Jouni pointed me to a forthcoming book on statistical graphics in R, written by Paul Murrell at the University of Auckland (New Zealand). R is the open-source version of S and by far the best all-around computer package for statistical research and practice.

Based on the webpage, the book looks like it’s going to be great. I was hoping to use it as one of the texts for my new course on statistical graphics, but now I’m thinking I’ll also include it as a recommended text in all my classes. I particularly like Figure 1.8 (the “graphical table”) which reminds me of my own work on turning tables into graphs.

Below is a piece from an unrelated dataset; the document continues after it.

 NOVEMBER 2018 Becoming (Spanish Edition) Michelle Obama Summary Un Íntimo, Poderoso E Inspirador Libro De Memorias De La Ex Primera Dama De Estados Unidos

I feel like there's been an uptick lately in new books that focus primarily on R. From my rather limited point of view, it also seems like non-academic statisticians are also moving to R from SAS. Just a few trends I've been observing-

I feel like SAS has become so focused on the enterprise that they're not doing the cutting-edge statistical computing work anymore, whereas just about everything interesting can be found in some R package.

I think that statisticians have become more savvy as programmers with every generation of graduate students. I remember working with a senior statistician who had used SAS all his life, and when I introduced him to R, he said, "I don't understand how you can do anything without macros!" Statisticians who have ever done work in C, Java, or scripting languages can appreciate the flexibility in data structures that R offers.

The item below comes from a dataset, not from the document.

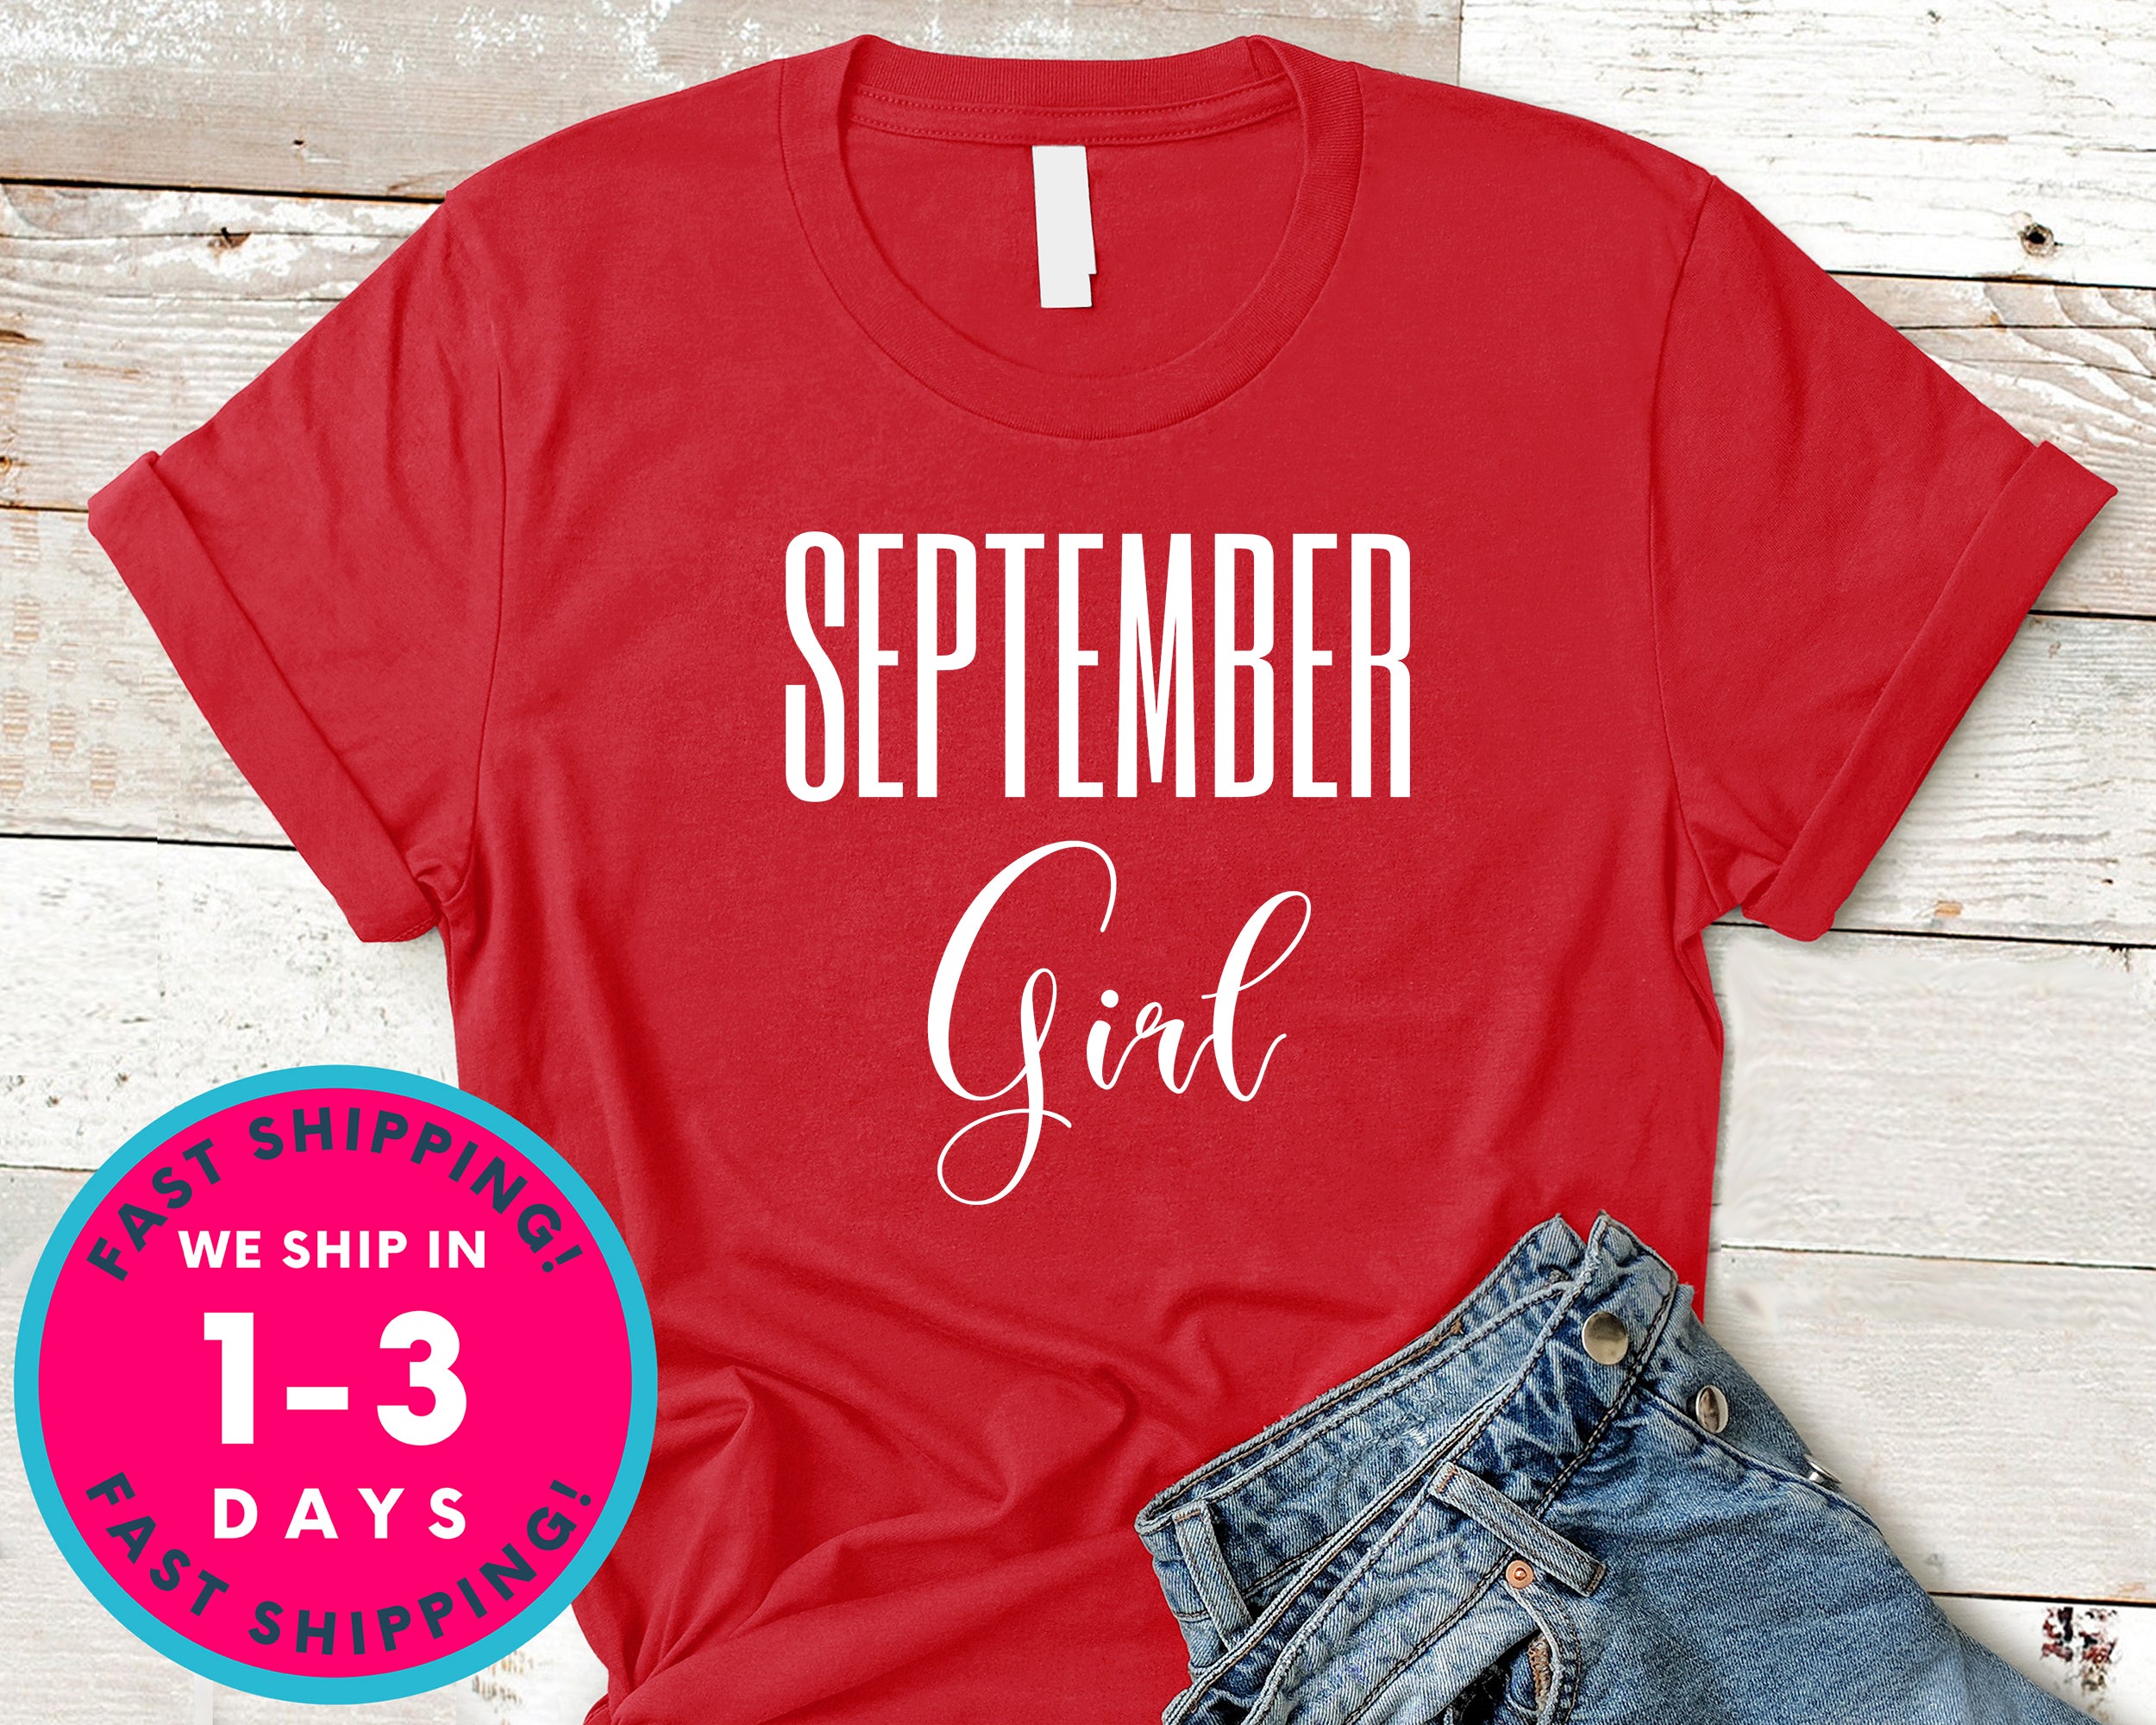 September Girl T-Shirt - Birthday Shirt

SAS has really become like an enterprise database with advanced mathematical/statistical functionality. Most people simply don't need all of the enterprise functionality (or the pricing) it offers and are better off with the combination of R and flat files or an open source DB like MySQL. I expect we'll see more books and more use of R over the next several years.

If the book is anything like the graphics, it's a keeper!

SAS vs. R? As long as there are enterprises doing statistics, there will be SAS. Many of our local employers (USAA, UT Health Science, US Army) run SAS shops, and a UTexas student license for SAS is only $90/year, so we teach it to make our grads more employable. BUT! R is a favorite among our biostatisticians, it's becoming better documented, and it's FREE–so guess what we're happily adding in our labs and coursework?

AG: "…my new course on statistical graphics"

Tell us more. Much, much more. I'm trying to convince my department to do something like this, and my collegues respond as though I had proposed learning Latin, or ballet.

Hey Mike- I graduated from UT with my master's in operations research in May '04- I lamented the lack of a real statistics PhD program while I was there. I'm starting up at UNC biostats in the fall, but I really miss Austin.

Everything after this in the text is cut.